Entretien avec Latif Lahlou
"J'ai opté pour une écriture sobre et limpide..."
Le
nouveau film de Latif Lahlou, L’anniversaire est sur les écrans du Royaume à
partir du 14 mai. Latif Lahlou est natif
d’El-Jadida en 1939 ; il est lauréat de l’IDHEC, promotion 1959. Sa
filmographie dans les années 60 compte de nombreux courts et moyens métrages
documentaires et docu-fiction. Il a également travaillé pour la télévision. Il
est également producteur. L’anniversaire
est son cinquième long métrage.
Comment s’est fait le travail d’écriture du
scénario ? C’est une idée que vous avez confiée à vos scénaristes, et
prolongée par un cahier des charges concernant les personnages, le milieu
social…
L’idée première était de décrire des
comportements sociaux et psychologiques
de certaines personnes appartenant à ce qu’on appelle l’élite ;
c'est-à-dire une caste sociale décisionnaire par sa situation économique
prédominante, sa classe d’origine, sa scolarité, ses alliances etc…Je voulais
les présenter dans une phase particulière de l’existence : la
cinquantaine, phase dans laquelle l’individu marque une réflexion et un questionnement sur son passé, son
présent et son devenir.
Je ne suis pas scénariste professionnel, ni
scénariste tout court ; aussi pour mes films je m’arrange toujours pour
travailler avec des écrivains ou des scénaristes professionnels : c’est le
cas pour L’ANNIVERSAIRE : j’ai demandé à mon ami Mohamed Laroussi de
travailler avec moi sur le développement de mon idée originale. Mohamed
Laroussi s’est attaché la collaboration de Géraldine Bueken qui est scénariste
professionnelle belge, mariée à un
professionnel marocain de l’audiovisuel et vivant au Maroc.

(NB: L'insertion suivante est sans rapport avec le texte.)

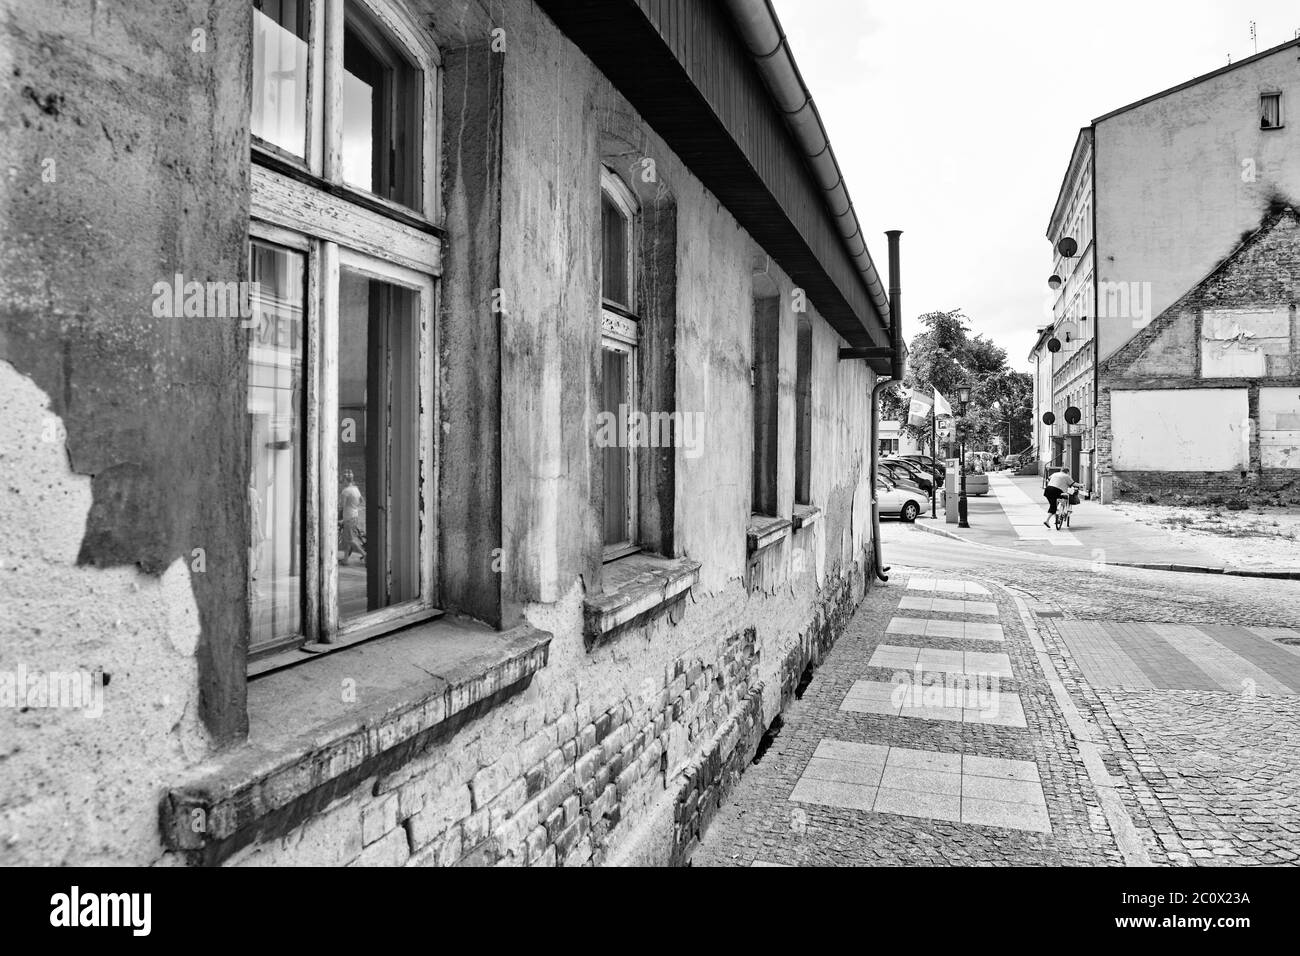 Schönes Architekturbeispiel in der polnischen Altstadt, Grodzisk Wielkopolski, Polen. Stockfoto

Je n’ai pas dressé un cahier des charges – ce
n’était pas une commande pour la fourniture d’une paire de chaussures ou d’un
costume pour aller au bal – mais dans une note d’intention, j’ai essayé de
préciser ce que j’entendais exposer en matière d’idées, de personnages, de
décors, d’ambiances et évidement de
façon de raconter en exposant les grandes lignes de l’architecture
dramaturgique du film.
Le travail d’écriture s’est en fait réalisé à
fur et à mesure de la lecture critique des premiers travaux et des apports très
pertinents de Laroussi et Géraldine Bueken : nous passions en
revue scène par scène et énumérions
l’apport de chaque élément en relevant les manques ou en enrichissant la
scène par des apports nouveaux…. Environ un mois après chaque réunion à trois, Laroussi
et Géraldine m’envoyaient le résultat de leur cogitation : je lisais, faisais
des remarques si j’en avais et quelques jours après, une autre journée de
travail à trois devenait nécessaire et utile pour l’avancement de l’écriture.
La première mouture du scénario établie, nous
l’avons présentée à l’avance sur recettes sachant que nous devions reprendre
l’écriture pour une version définitive si l’avance sur recettes nous était
accordée : après l’accord de la commission de l’avance sur recettes sur le
projet, nous avons repris le travail tout en menant en parallèle les préparatifs de production : casting,
décors, équipe technique etc… Cela a durée 14 mois par ce que je tenais à
travailler avec certaines comédiennes et comédiens dans des décors
particuliers.
Une constante marque votre filmographie, celle de décrypter les
milieux de la bourgeoisie, urbaine dans La compromission, La grande villa,
L’anniversaire ou rurale dans Les jardins de Samira…on n’hésite pas à dire de
vous « le Chabrol marocain »
La bourgeoisie, urbaine ou rurale, est
décisionnaire dans pratiquement tout ce qui concerne notre vie sociale et
culturelle par son pouvoir économique, ses pouvoirs politiques (le
gouvernement central , les pouvoirs
locaux), les pouvoirs culturels : ce sont les bourgeois et les fils de
bourgeois qui fréquentent les universités
, ce sont eux qui tiennent les pouvoirs dans les médias, ce sont eux qui
élaborent, énoncent et font appliquer les idéologies passéistes et rétrogrades par ce qu’ils contrôlent tous les pouvoirs….)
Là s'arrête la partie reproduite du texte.